» TASK TO CARRY OUT
Print every line below exactly. Skip the pictures.

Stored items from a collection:

++++++

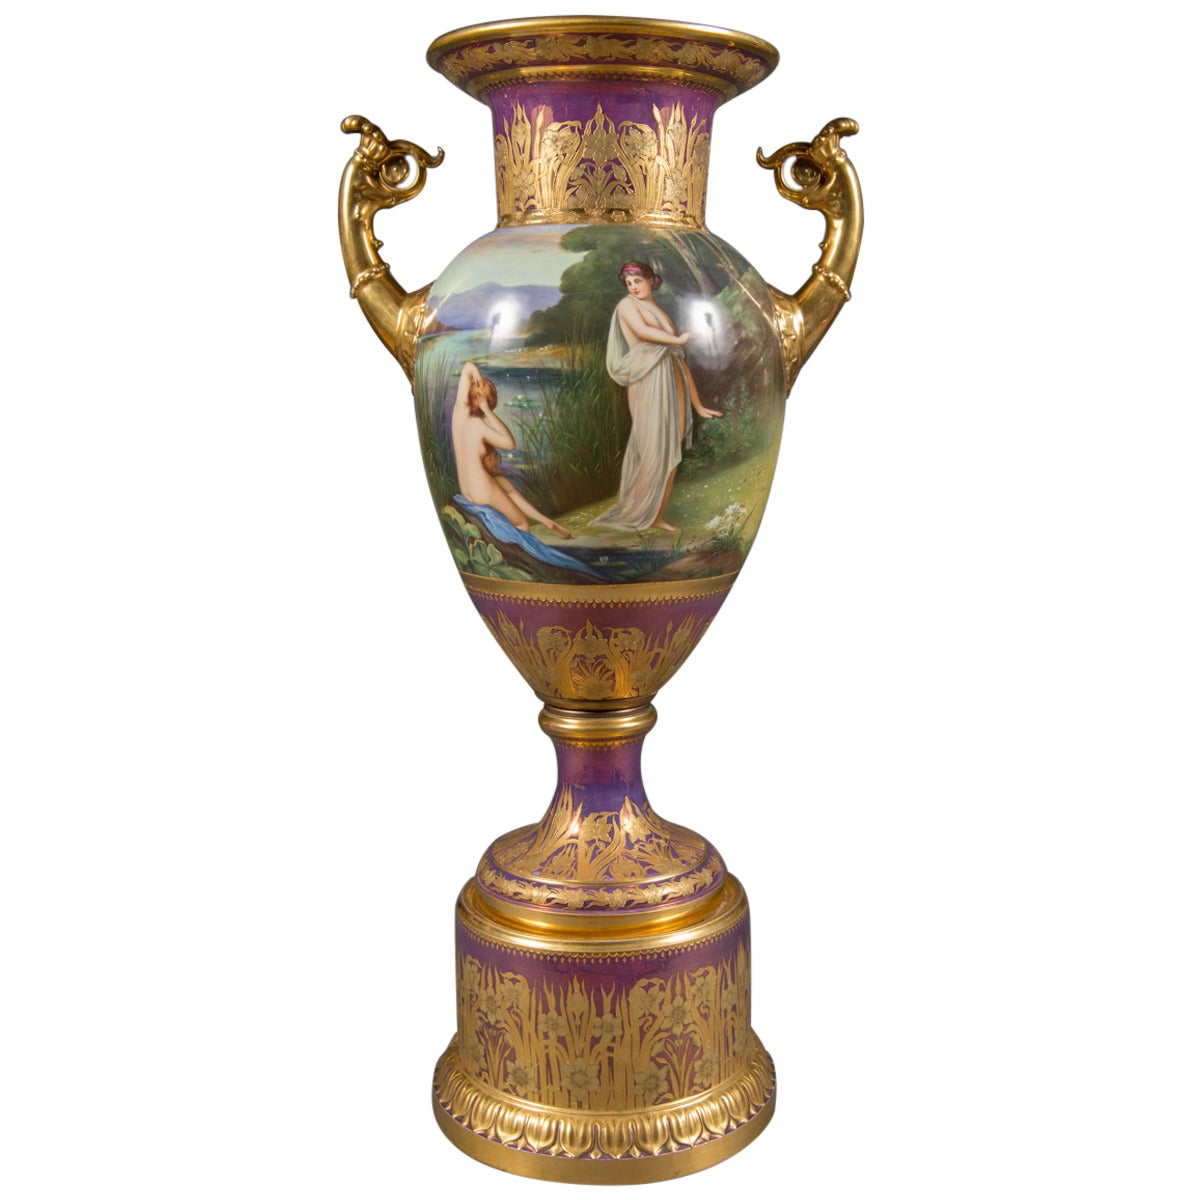 Grand vase autrichien ancien de style royal de Vienne peint en iridescent
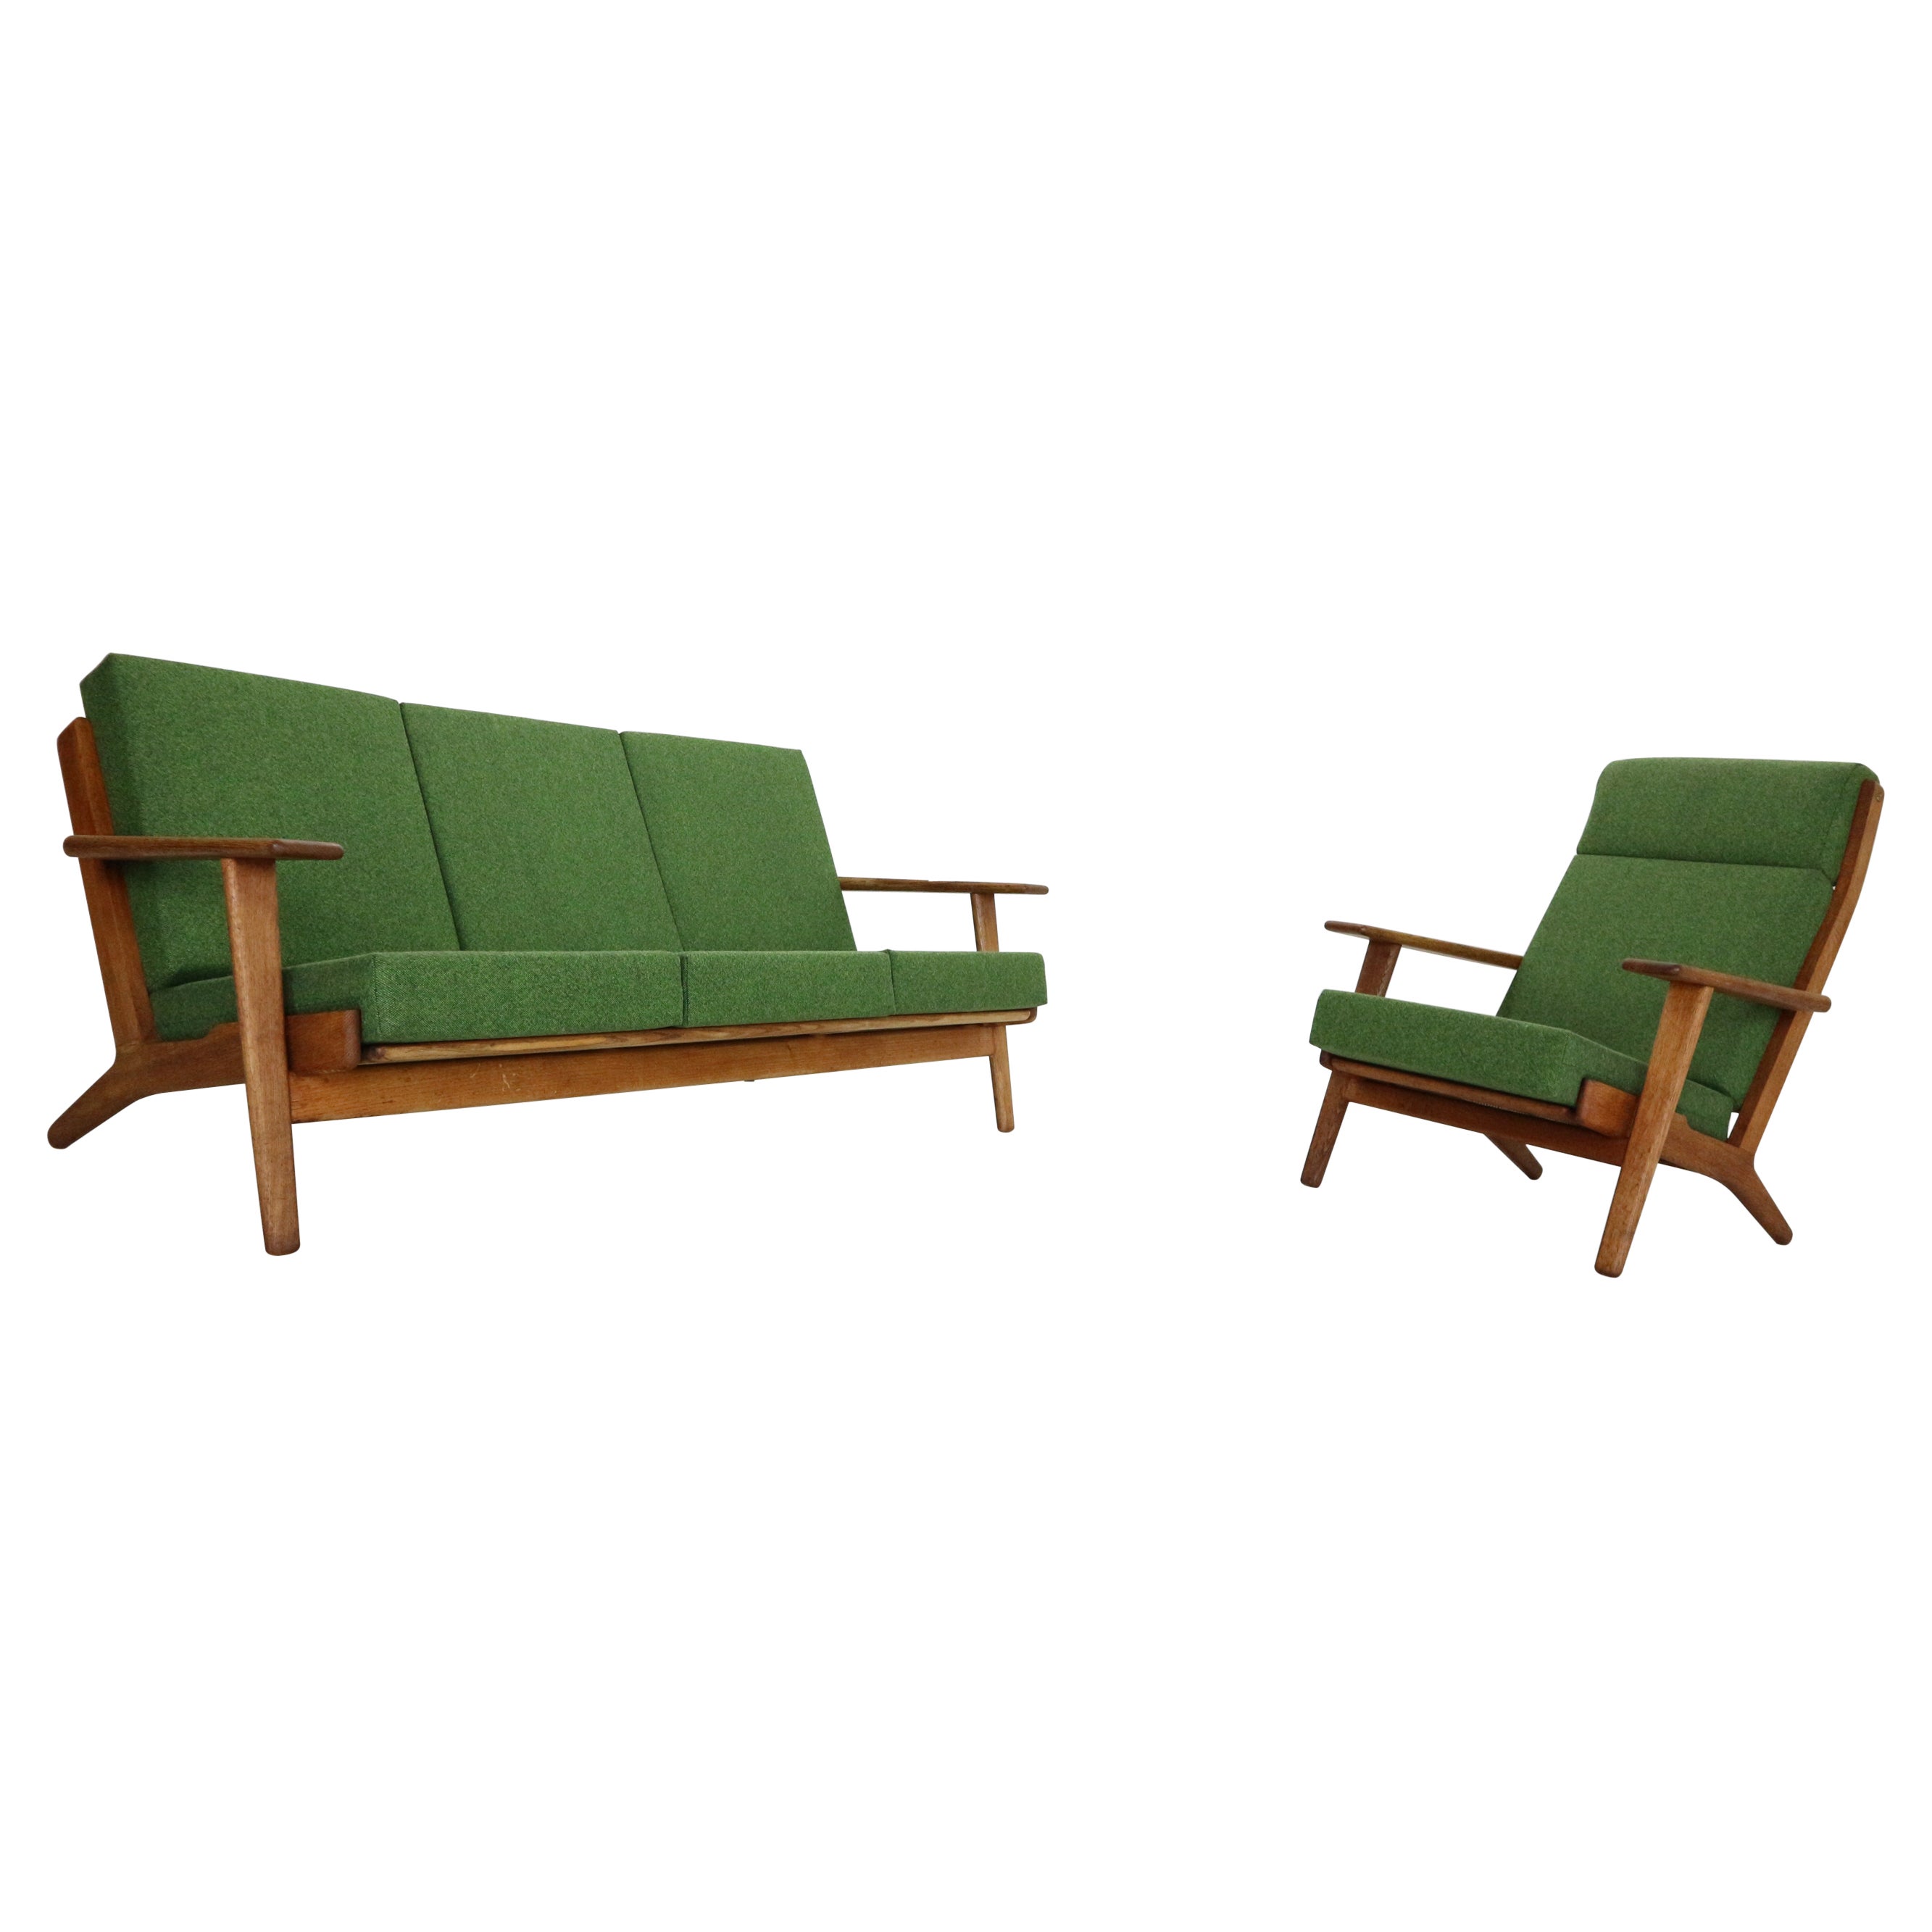 Hans J. Wegner Oak & Green New Reupholstery Living Room Set "GE290" 1960 Denmark
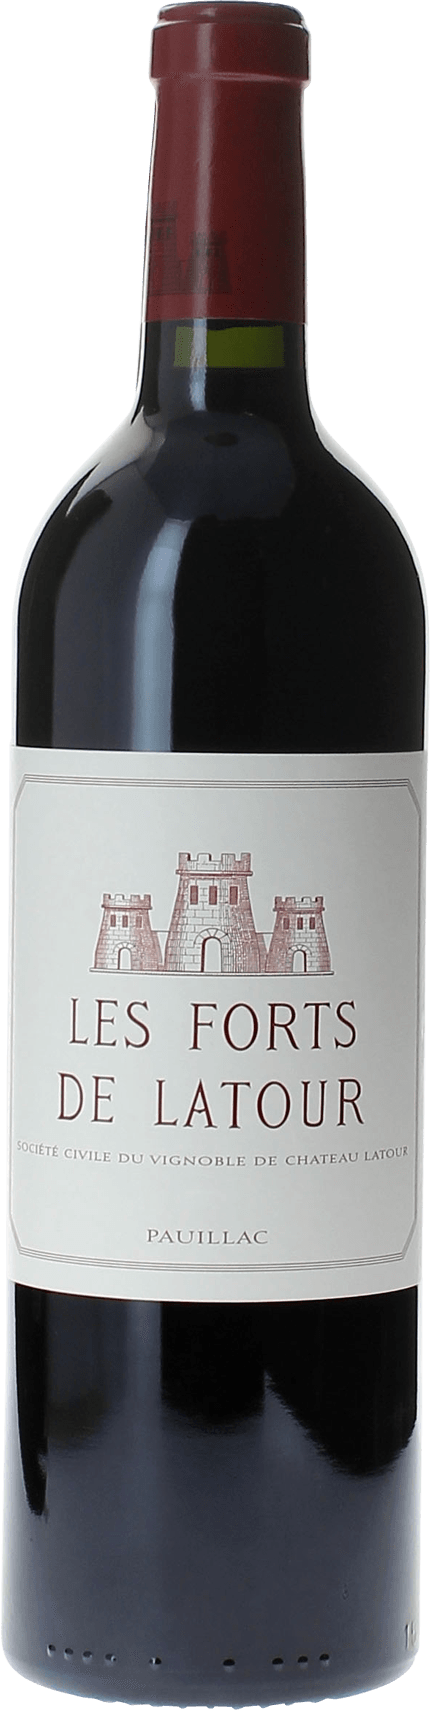 Les forts de latour 2001 2me vin de LATOUR Pauillac, Bordeaux rouge
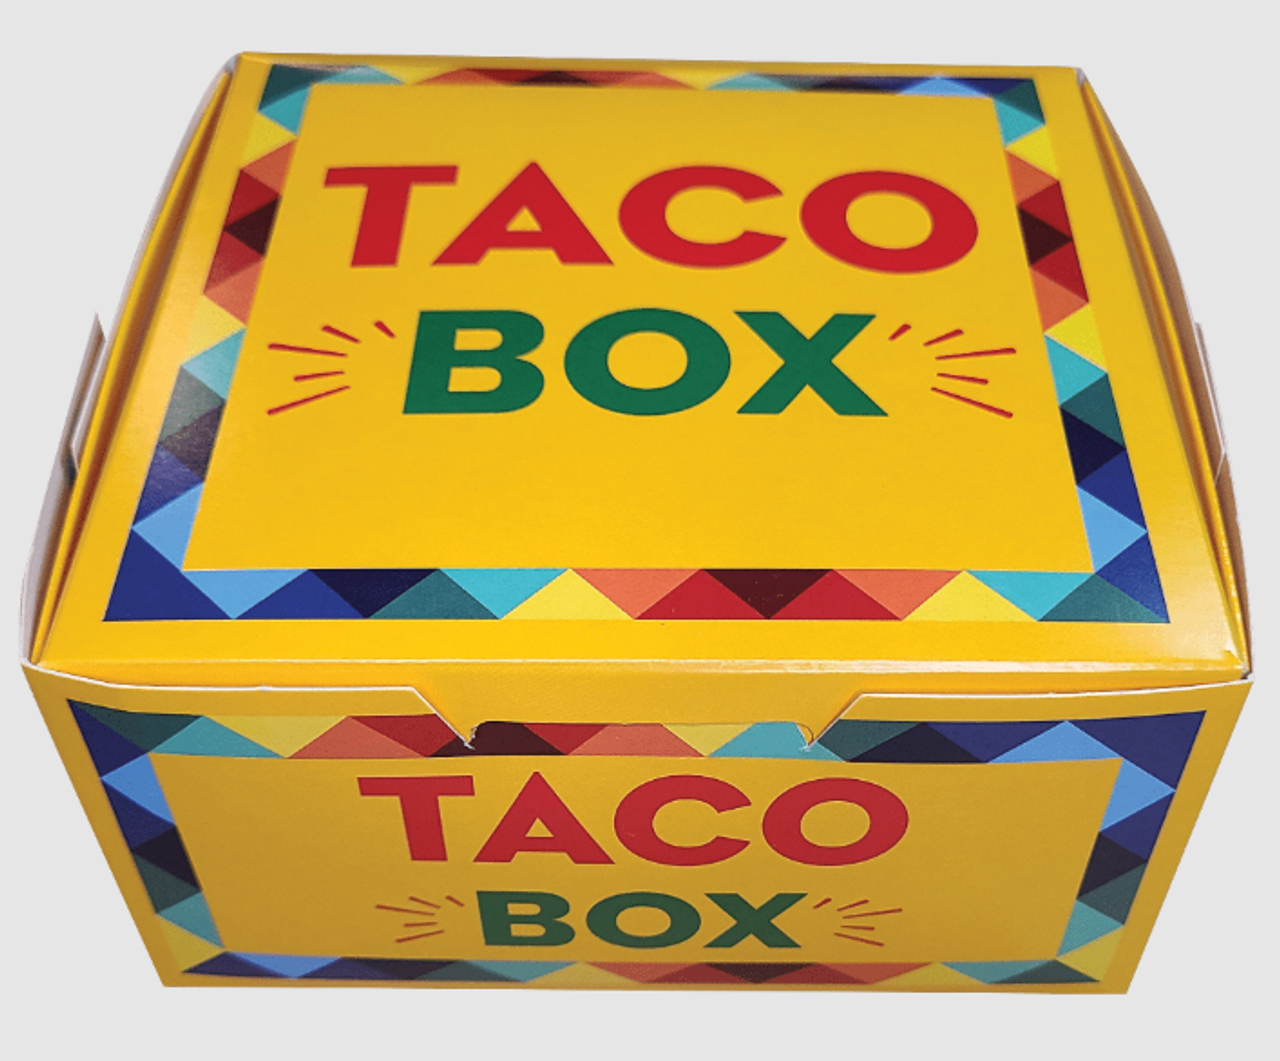 The Taco Box
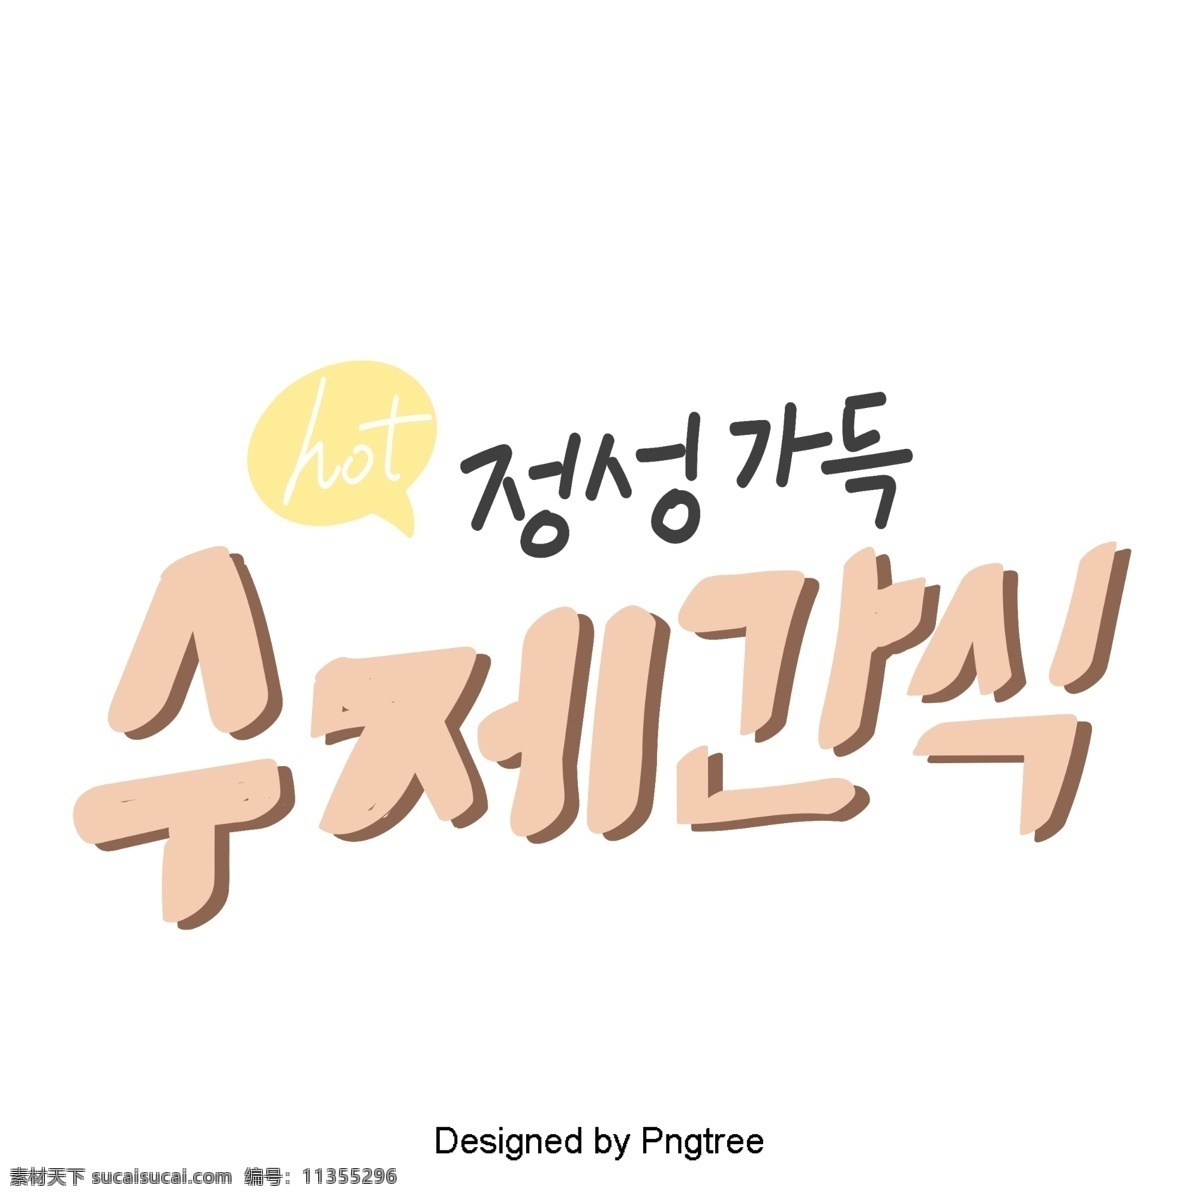 一些 韩国 字体 粉红色 可爱 卡通 风格 甜 茶 元素 字形 甜茶 ai材料 贴纸 动画片 样式 分子 宠物 粉 我的心可以

++++++

» ANSWER TO THE EXERCISE
 Grand vase autrichien ancien de style royal de Vienne peint en iridescent
 Hans J. Wegner Oak & Green New Reupholstery Living Room Set "GE290" 1960 Denmark
 Les forts de latour 2001 2me vin de LATOUR Pauillac, Bordeaux rouge
 The Taco Box
 一些 韩国 字体 粉红色 可爱 卡通 风格 甜 茶 元素 字形 甜茶 ai材料 贴纸 动画片 样式 分子 宠物 粉 我的心可以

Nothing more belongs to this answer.